DATA SEGMENT ▸
┄┄┄┄┄┄

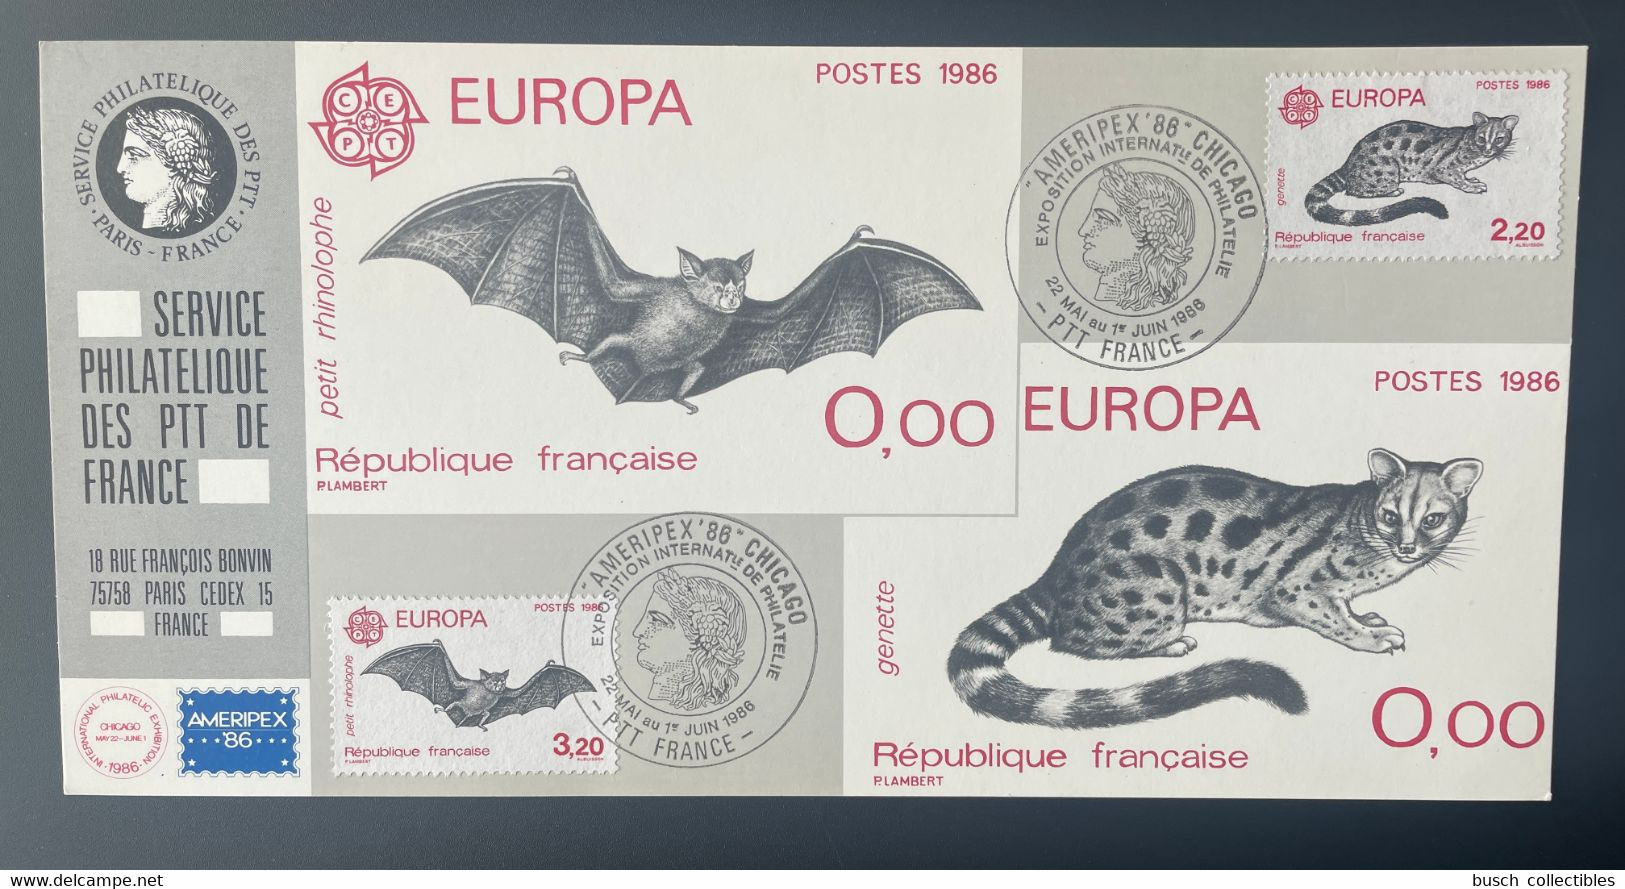 026 Carte Officielle Exposition Internationale Exhibition Chicago 1986 FDC France Europa CEPT Bat Chauve-souris Fauna - Philatelic Exhibitions
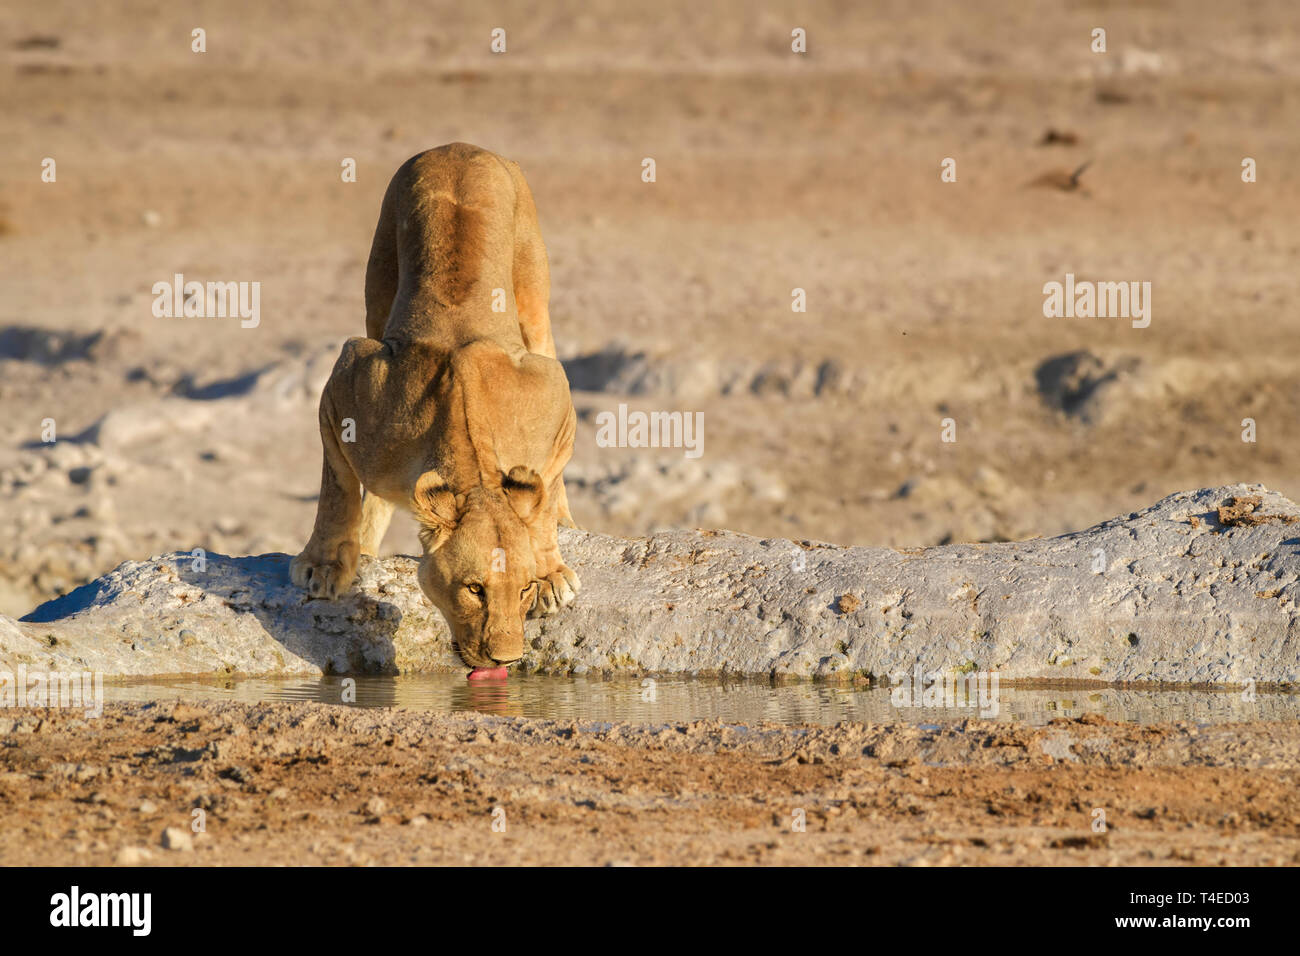 Lion - Panthera leo, iconic animal from African savannas, Etosha national park, Namibia. Stock Photo
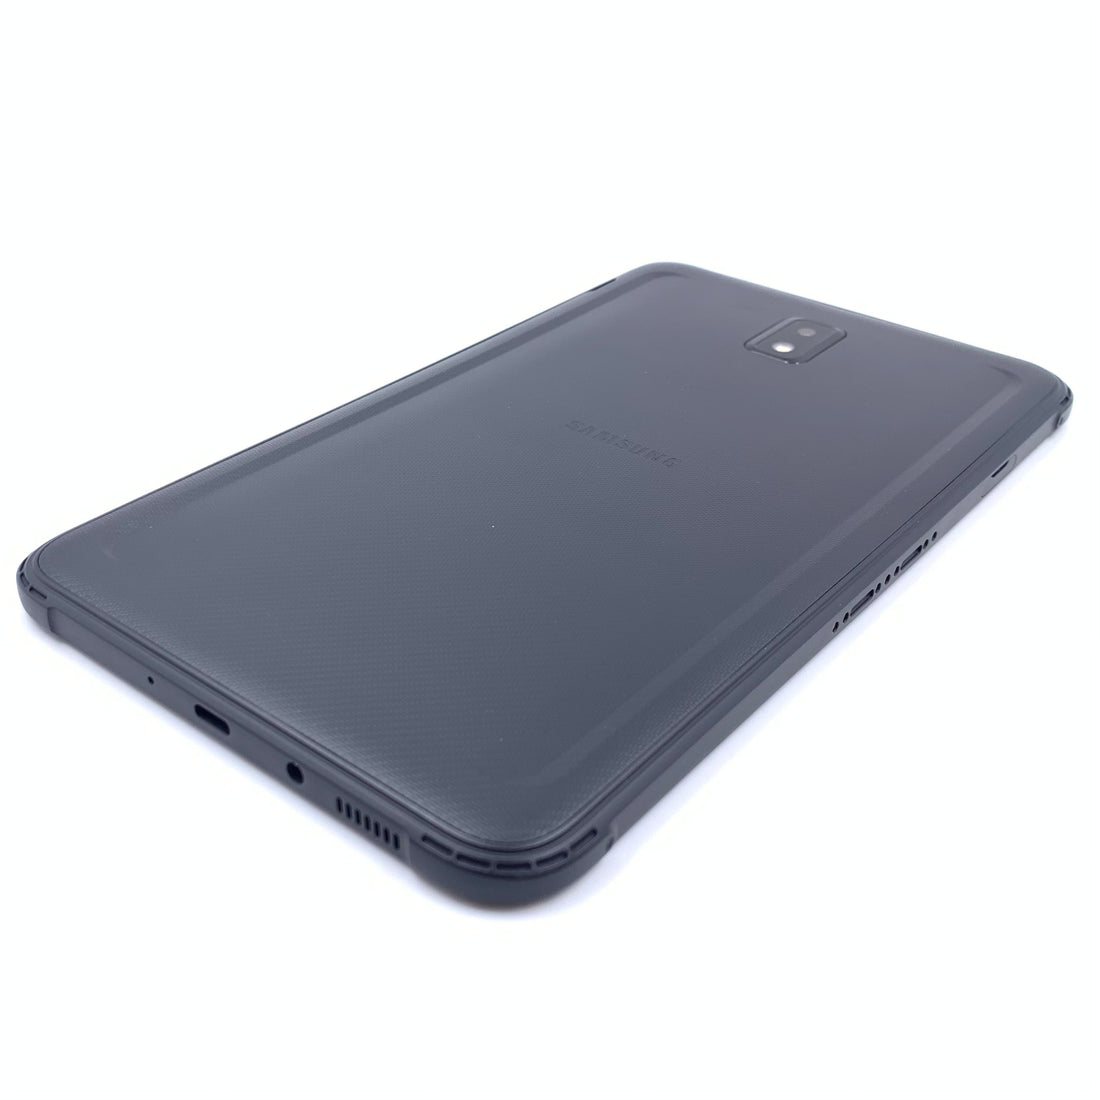 Samsung Galaxy Tab Active Pro SM-T545 64GB (Reacondicionado)

┄┄┄┄┄┄

WHAT THE TASK ASKS ▸ Output the data above verbatim, pictures excluded.

REPLY TO THE EXERCISE ▸
 026 Carte Officielle Exposition Internationale Exhibition Chicago 1986 FDC France Europa CEPT Bat Chauve-souris Fauna - Philatelic Exhibitions
 Lion - Panthera leo, iconic animal from African savannas, Etosha national park, Namibia. Stock Photo
 Samsung Galaxy Tab Active Pro SM-T545 64GB (Reacondicionado)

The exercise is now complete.